WORK ITEM
Taking the listing below, restate word for word each line from the line with "WE Games Tic-tac-toe" to the line with "Pre-roll joint and", ends included, and stop there.

INFORMATION SHOWN
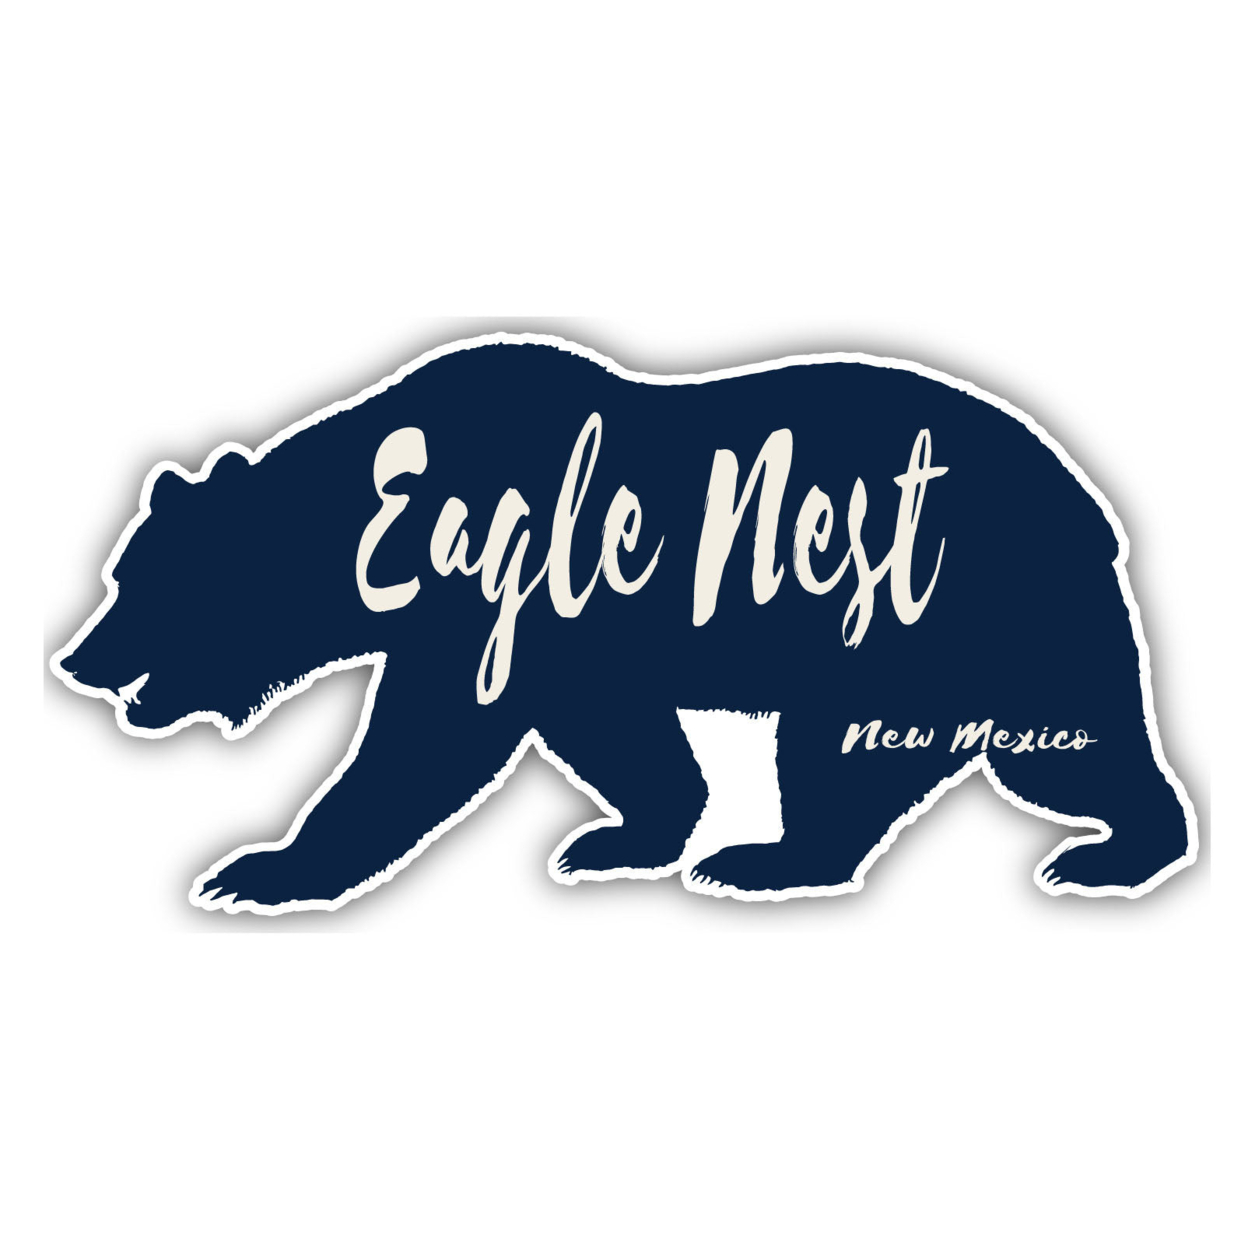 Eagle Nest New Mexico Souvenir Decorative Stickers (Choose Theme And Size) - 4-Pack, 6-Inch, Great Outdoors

---

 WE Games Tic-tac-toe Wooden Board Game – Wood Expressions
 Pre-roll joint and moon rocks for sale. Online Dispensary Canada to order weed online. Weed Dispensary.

RESULT OF THE TASK
 WE Games Tic-tac-toe Wooden Board Game – Wood Expressions
 Pre-roll joint and moon rocks for sale. Online Dispensary Canada to order weed online. Weed Dispensary.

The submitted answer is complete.